Personal information
- Full name: Anthony L. West
- Born: 11 September 1956 (age 69)
- Original team: Brunswick
- Height: 179 cm (5 ft 10 in)
- Weight: 76 kg (168 lb)
- Position: Rover

Playing career^{1}
- Years: Club / Games (Goals)
- 1982–84: Essendon / 8 (8)
- ^{1} Playing statistics correct to the end of 1984.

= Tony West (footballer) =

Australian rules footballer

Anthony L. "Tony" West (born 11 September 1956) is a former Australian rules footballer who played for Essendon in the Victorian Football League (VFL) during the early 1980s.
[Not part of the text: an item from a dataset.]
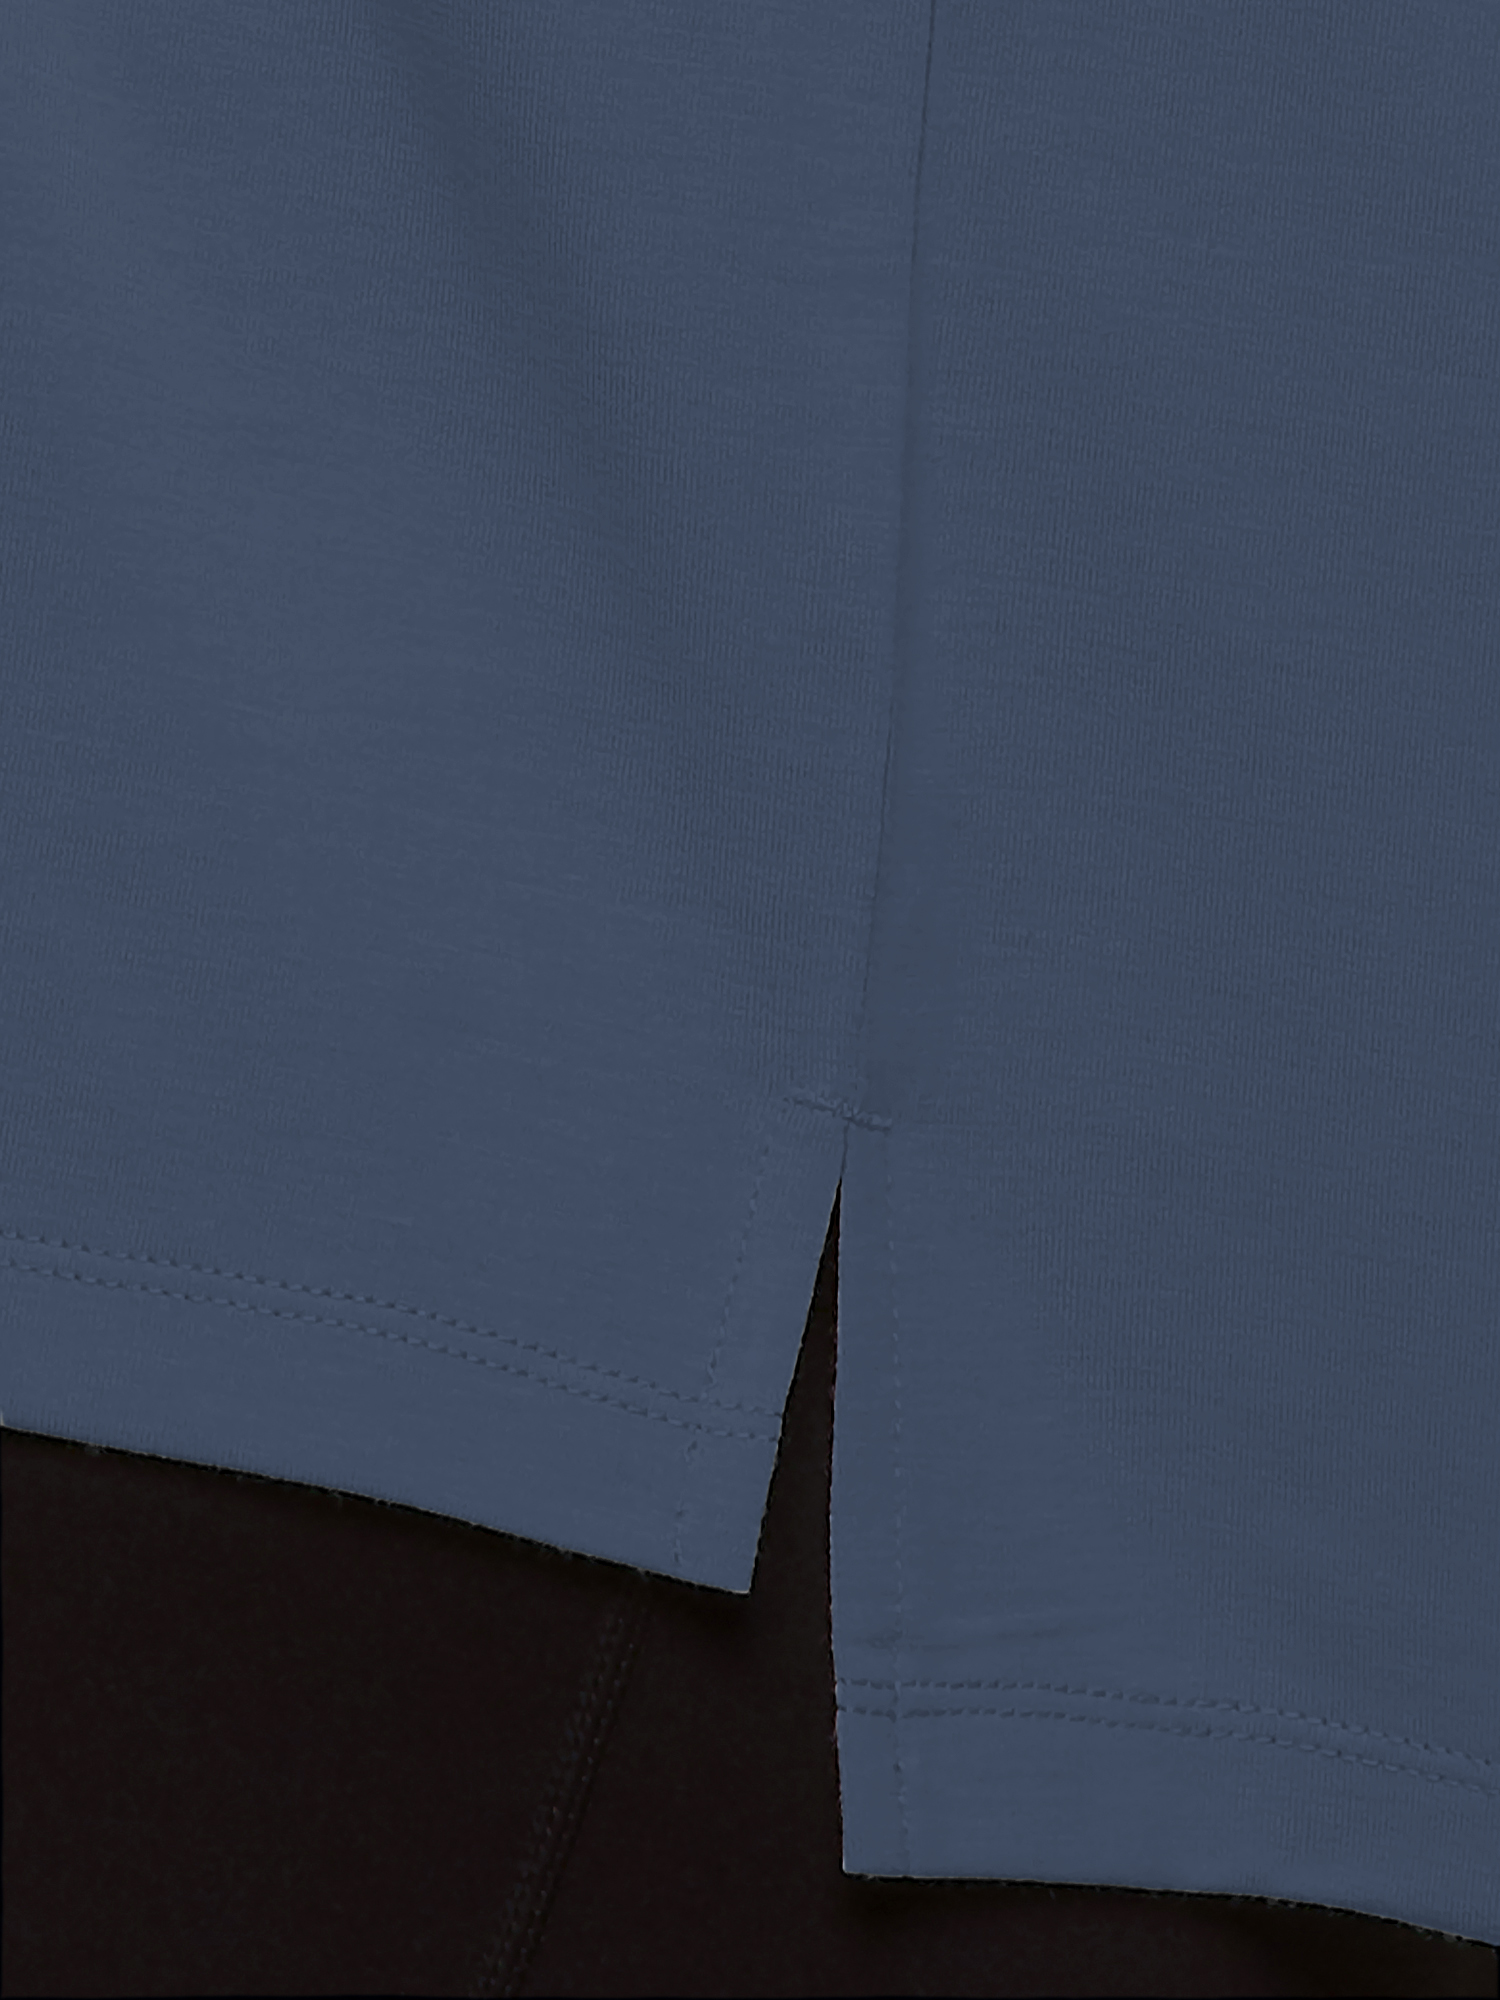 Reebok Women's Short Sleeve Jersey Graphic Tee - image 4 of 4

Originally from the Carlton Reserves, West was a member of the 1980 Brunswick Victorian Football Association Second Division premiership team.

He made two appearances with Essendon in 1982 before spending the rest of the year on the sidelines with a broken leg. He kicked bags of four goals with his first two games of the 1983 VFL season, the only goals of his league career. Due to the strength of the Essendon team, West made only played one game in their premiership year of 1984 and instead spent most of his time in the reserves where he won a Best and Fairest.

A rover, West resumed at Brunswick in 1985 and participated in another Second Division premiership that year.

He was a J. J. Liston Trophy winner in 1986 and had earlier, in 1981, been runner-up to Vic Aanensen.